▸ Task goal
Start at the line below containing "Cuánto se trabaja en cada país" and stop at the line containing "Logo Design by". Repeat every line of that stretch exactly, and nothing outside it.

▸ Provided data
--------------------------------

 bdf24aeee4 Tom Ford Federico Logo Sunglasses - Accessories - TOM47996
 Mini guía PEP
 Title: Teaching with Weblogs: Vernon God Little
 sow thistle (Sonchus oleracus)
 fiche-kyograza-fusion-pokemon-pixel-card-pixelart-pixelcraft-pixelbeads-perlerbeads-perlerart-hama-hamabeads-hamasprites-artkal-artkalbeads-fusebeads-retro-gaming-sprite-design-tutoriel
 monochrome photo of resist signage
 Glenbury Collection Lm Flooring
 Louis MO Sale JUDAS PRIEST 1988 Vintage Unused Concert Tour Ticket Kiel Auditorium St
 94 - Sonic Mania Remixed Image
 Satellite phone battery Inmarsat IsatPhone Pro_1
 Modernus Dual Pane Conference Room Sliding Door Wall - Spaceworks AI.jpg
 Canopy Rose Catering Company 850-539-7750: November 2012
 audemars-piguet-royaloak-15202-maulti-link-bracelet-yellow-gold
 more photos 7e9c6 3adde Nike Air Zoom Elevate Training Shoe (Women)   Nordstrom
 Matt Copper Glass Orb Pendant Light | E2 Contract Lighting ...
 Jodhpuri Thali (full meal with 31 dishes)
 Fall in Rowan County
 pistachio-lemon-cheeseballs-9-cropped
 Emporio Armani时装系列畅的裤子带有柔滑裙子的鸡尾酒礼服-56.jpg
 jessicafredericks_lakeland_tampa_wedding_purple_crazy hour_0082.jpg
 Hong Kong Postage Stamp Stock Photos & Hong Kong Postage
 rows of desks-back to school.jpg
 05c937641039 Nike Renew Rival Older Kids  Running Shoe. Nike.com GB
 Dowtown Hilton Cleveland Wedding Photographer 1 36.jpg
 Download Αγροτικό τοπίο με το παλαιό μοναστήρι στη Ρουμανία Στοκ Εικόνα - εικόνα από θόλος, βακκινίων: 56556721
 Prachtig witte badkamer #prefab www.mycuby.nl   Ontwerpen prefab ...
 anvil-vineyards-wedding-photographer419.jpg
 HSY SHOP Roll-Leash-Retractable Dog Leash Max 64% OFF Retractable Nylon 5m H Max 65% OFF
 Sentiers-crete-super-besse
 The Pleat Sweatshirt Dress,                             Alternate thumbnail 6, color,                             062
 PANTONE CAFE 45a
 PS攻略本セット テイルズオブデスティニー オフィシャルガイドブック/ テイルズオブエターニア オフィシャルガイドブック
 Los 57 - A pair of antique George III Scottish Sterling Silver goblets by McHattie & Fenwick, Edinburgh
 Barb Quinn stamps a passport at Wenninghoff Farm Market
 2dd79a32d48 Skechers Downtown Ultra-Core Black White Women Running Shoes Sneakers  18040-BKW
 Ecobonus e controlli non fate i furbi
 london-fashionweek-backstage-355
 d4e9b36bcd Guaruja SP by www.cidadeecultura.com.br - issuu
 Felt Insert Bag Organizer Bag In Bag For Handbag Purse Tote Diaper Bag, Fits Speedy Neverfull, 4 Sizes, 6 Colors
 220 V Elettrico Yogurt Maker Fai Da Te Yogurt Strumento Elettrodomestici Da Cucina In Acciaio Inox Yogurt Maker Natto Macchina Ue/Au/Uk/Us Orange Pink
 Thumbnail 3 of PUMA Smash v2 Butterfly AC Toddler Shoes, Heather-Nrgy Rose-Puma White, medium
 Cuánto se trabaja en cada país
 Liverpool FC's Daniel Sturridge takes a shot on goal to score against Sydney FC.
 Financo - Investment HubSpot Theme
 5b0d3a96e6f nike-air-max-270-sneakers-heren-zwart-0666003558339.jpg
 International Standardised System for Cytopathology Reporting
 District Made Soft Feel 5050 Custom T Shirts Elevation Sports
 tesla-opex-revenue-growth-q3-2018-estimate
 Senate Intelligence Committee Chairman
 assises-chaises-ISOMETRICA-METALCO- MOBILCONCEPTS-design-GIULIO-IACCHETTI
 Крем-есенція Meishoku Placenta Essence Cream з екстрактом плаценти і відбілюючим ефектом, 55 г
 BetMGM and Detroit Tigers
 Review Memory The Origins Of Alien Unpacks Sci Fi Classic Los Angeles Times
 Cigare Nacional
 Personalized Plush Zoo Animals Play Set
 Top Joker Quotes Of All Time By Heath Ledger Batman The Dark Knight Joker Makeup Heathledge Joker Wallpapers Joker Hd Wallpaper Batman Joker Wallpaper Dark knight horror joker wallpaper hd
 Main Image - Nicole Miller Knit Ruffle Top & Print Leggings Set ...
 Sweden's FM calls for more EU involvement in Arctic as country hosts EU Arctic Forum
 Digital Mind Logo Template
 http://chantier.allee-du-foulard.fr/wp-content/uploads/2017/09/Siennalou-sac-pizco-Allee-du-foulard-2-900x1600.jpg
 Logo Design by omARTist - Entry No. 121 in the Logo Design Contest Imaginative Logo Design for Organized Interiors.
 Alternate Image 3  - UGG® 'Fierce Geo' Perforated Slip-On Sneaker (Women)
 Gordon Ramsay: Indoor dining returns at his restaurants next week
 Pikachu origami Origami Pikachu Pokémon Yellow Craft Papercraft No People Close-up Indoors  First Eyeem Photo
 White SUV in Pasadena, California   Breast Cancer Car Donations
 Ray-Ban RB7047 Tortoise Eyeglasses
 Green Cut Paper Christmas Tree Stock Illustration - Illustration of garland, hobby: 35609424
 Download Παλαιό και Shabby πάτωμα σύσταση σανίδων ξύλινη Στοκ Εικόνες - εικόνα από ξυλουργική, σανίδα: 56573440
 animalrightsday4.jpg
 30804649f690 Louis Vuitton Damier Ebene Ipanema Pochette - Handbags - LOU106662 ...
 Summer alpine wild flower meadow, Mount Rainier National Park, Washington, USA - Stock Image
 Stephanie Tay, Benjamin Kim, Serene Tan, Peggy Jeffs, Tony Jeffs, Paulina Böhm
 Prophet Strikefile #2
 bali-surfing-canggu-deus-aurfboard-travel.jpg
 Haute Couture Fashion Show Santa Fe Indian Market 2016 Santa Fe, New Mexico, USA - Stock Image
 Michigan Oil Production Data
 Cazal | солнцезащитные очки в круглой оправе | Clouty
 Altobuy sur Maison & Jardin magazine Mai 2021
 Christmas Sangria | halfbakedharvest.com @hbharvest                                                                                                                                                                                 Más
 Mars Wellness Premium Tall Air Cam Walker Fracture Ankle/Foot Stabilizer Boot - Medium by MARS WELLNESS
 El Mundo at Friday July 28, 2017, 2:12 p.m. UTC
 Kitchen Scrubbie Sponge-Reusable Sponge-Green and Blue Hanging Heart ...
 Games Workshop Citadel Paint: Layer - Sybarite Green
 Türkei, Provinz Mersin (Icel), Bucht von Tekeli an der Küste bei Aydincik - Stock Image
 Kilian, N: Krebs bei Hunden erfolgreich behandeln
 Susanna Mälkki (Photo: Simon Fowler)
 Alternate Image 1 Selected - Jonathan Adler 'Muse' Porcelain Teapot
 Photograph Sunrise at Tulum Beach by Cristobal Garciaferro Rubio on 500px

--------------------------------

▸ Reply to the task
 Cuánto se trabaja en cada país
 Liverpool FC's Daniel Sturridge takes a shot on goal to score against Sydney FC.
 Financo - Investment HubSpot Theme
 5b0d3a96e6f nike-air-max-270-sneakers-heren-zwart-0666003558339.jpg
 International Standardised System for Cytopathology Reporting
 District Made Soft Feel 5050 Custom T Shirts Elevation Sports
 tesla-opex-revenue-growth-q3-2018-estimate
 Senate Intelligence Committee Chairman
 assises-chaises-ISOMETRICA-METALCO- MOBILCONCEPTS-design-GIULIO-IACCHETTI
 Крем-есенція Meishoku Placenta Essence Cream з екстрактом плаценти і відбілюючим ефектом, 55 г
 BetMGM and Detroit Tigers
 Review Memory The Origins Of Alien Unpacks Sci Fi Classic Los Angeles Times
 Cigare Nacional
 Personalized Plush Zoo Animals Play Set
 Top Joker Quotes Of All Time By Heath Ledger Batman The Dark Knight Joker Makeup Heathledge Joker Wallpapers Joker Hd Wallpaper Batman Joker Wallpaper Dark knight horror joker wallpaper hd
 Main Image - Nicole Miller Knit Ruffle Top & Print Leggings Set ...
 Sweden's FM calls for more EU involvement in Arctic as country hosts EU Arctic Forum
 Digital Mind Logo Template
 http://chantier.allee-du-foulard.fr/wp-content/uploads/2017/09/Siennalou-sac-pizco-Allee-du-foulard-2-900x1600.jpg
 Logo Design by omARTist - Entry No. 121 in the Logo Design Contest Imaginative Logo Design for Organized Interiors.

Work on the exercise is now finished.